To evaluate the morphological alterations and potential molecular interactions induced by Amp–AgNPs, SEM analysis was performed on the tested bacterial cells before and after 6 h of exposure to the MIC of each tested compound. For ampicillin, a concentration of 100 µg/mL was used. The analysis included untreated control cells, cells treated with ampicillin, AgNPs, positive control (ampicillin/sulbactam), and the Amp–AgNPs conjugate. Morphological analysis was performed according to the protocol described by Singh et al.108 using a JEOL JSM-5400LV SEM (JEOL Ltd., Japan) operated at 15–25 kV.
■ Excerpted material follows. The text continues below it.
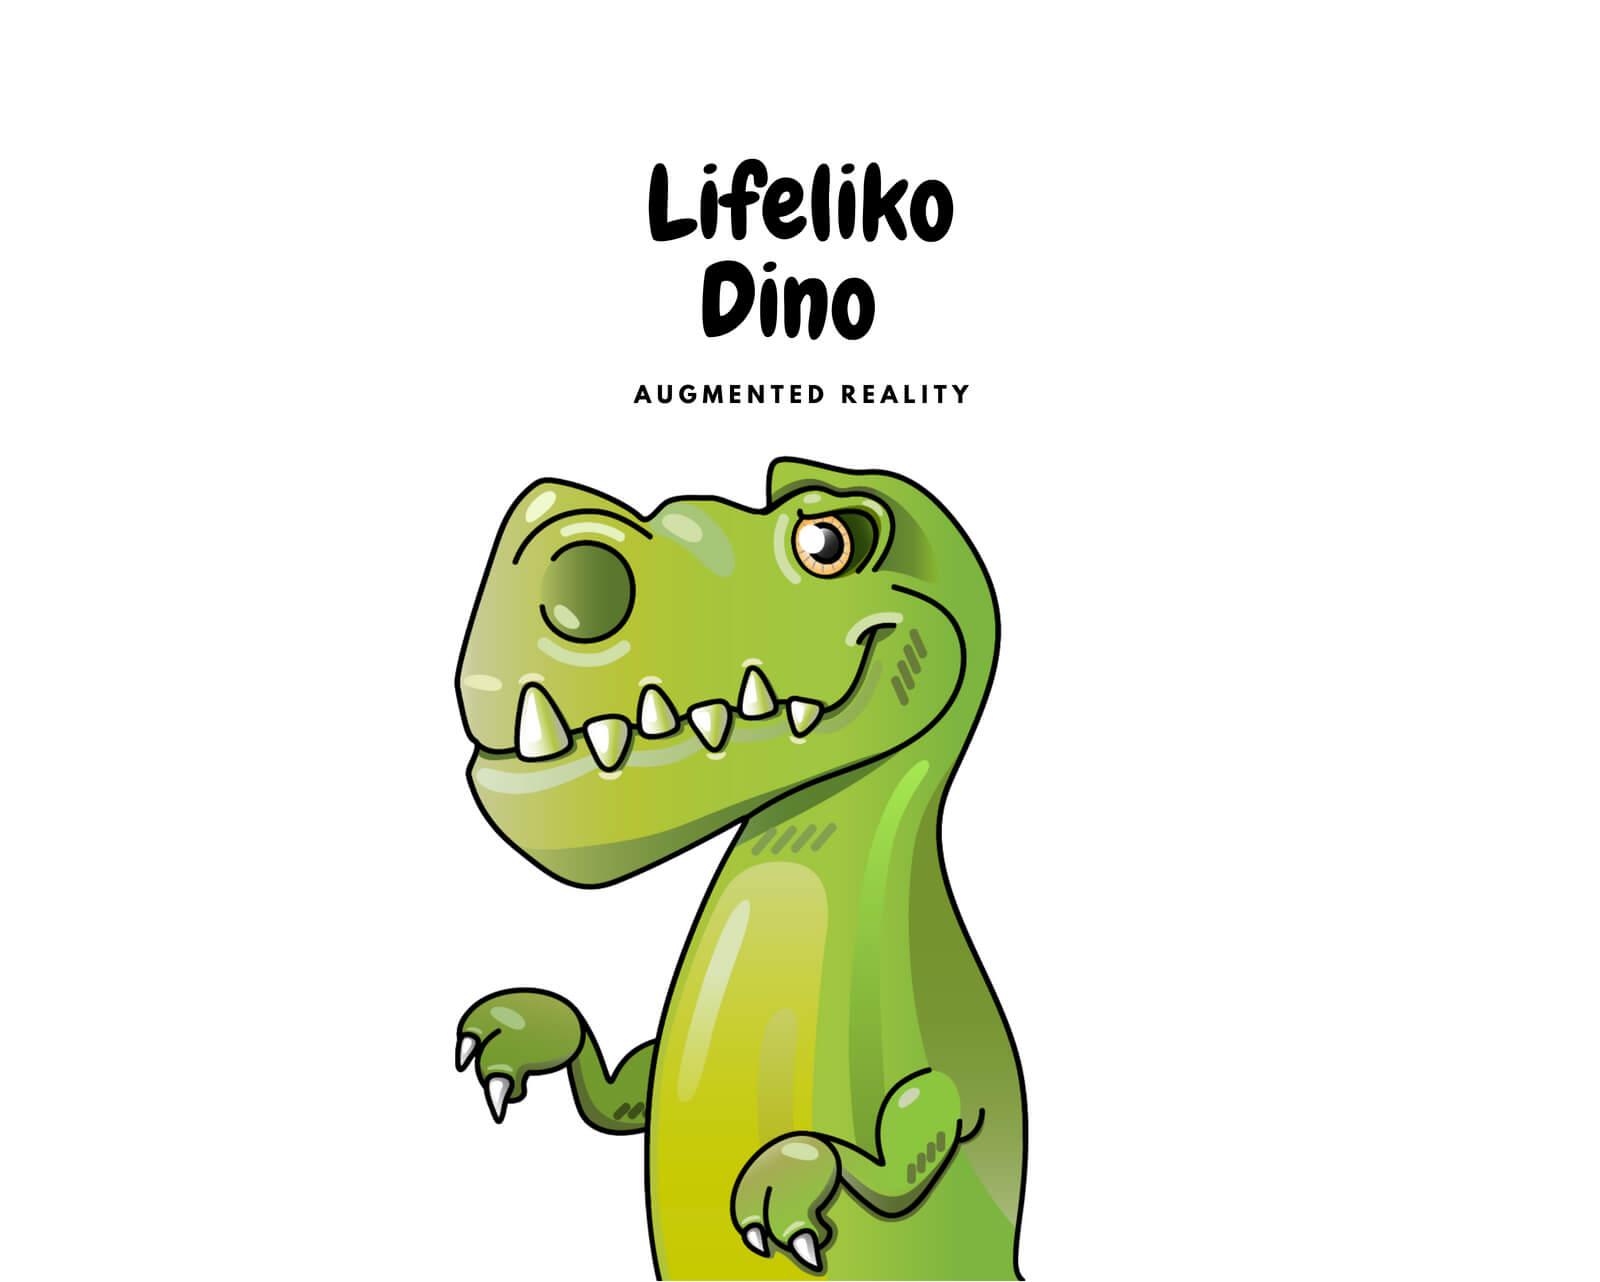 Lifeliko Dino App – Lifeliko

Impact of Amp–AgNPs conjugate on β-lactamases enzymatic activity

The iodometric method was employed to evaluate β-lactamase activity, following the protocols described by Sharma et al.109 and Aliyu et al.110. A loopful of a dense 24-hour culture of E. coli, E. faecalis, and S. aureus from MHA was mixed with 1.0 mL of a 10,000 µg/mL solution of ampicillin, AgNPs, ampicillin/sulbactam (β-lactamase inhibitor used as a positive control), and the Amp–AgNPs conjugate. The samples were incubated at room temperature for 30 min with gentle agitation at 15-minute intervals. After the incubation period, two drops of a 1% soluble starch solution and one drop of iodine solution were added to the mixture and gently shaken. A change in color from blue to colorless indicated positive β-lactamase activity, whereas the persistence of the blue color signified a negative result. Results were recorded within 10 min, and all tests were performed in triplicate for confirmation.

Statistical analysis

All experiments were carried out in triplicate and the results were presented as mean ± standard deviation. The data were statistically analyzed by one-way analysis of variance (ANOVA) using XLSTAT version 2023.2.0 software111. Differences at P < 0.05 were regarded as statistically significant.

Conclusion

This study successfully demonstrated the pivotal role of nitrate reductase (58 kDa) in the biosynthesis and stabilization of AgNPs by Talaromyces funiculosus. For the first time, the enzyme was shown to be retained and remains catalytically active on the nanoparticle surface, as evidenced by a 29.68% activity increase following AgNPs synthesis. Importantly, this is the first report of the biosynthesis of ampicillin–AgNPs conjugate mediated by nitrate reductase, where the characteristic SPR shift from 422.5 to 340.5 nm directly confirmed conjugation through strong drug-nanoparticle interactions. The conjugate was further validated by FTIR through the disappearance of the 1736 cm⁻¹ band and exhibited high physicochemical stability for 3 months, while still retaining its crystalline structure, with a semi-spherical morphology, polydisperse (PDI: 0.192), an average diameter of 27.26 nm, and a zeta potential of − 24.9 mV. Moreover, it demonstrated stability across a broad pH range (1–9) and temperature range (5–55 °C). In silico modelling of nitrate reductase revealed its active site architecture and demonstrated strong binding affinity with ampicillin via hydrogen bonding, hydrophobic, and electrostatic interactions, confirming conjugate stability. Functionally, Amp–AgNPs (50 µg/mL) significantly exceeded AgNPs and the positive control in inhibiting β-lactamase-producing bacterial strains and effectively restored the antimicrobial activity of ampicillin, with inhibition zones of 27.3 mm (Escherichia coli), 25.0 mm (Enterococcus faecalis), and 26.3 mm (Staphylococcus aureus), and remarkably low MICs of 3.3, 4.7, and 4.3 µg/mL, respectively. Moreover, Amp–AgNPs protected the antibiotic’s β-lactam ring from enzymatic degradation and caused pronounced bacterial ultra-structural damage, as confirmed by SEM analysis showing severe membrane disruption. Collectively, these findings establish a novel bio–nano interface strategy that utilizes nitrate reductase to construct stable antibiotic–nanoparticle conjugates with superior antimicrobial activity. The results highlight the potential of NR-mediated AgNPs as nano-carriers for antibiotic delivery, offering a promising route to overcome multidrug-resistant infections and advance antimicrobial nanobiotechnology. Future studies should explore in vivo efficacy, ensure biosafety, and extend this biomolecular strategy to a broader range of drug delivery applications.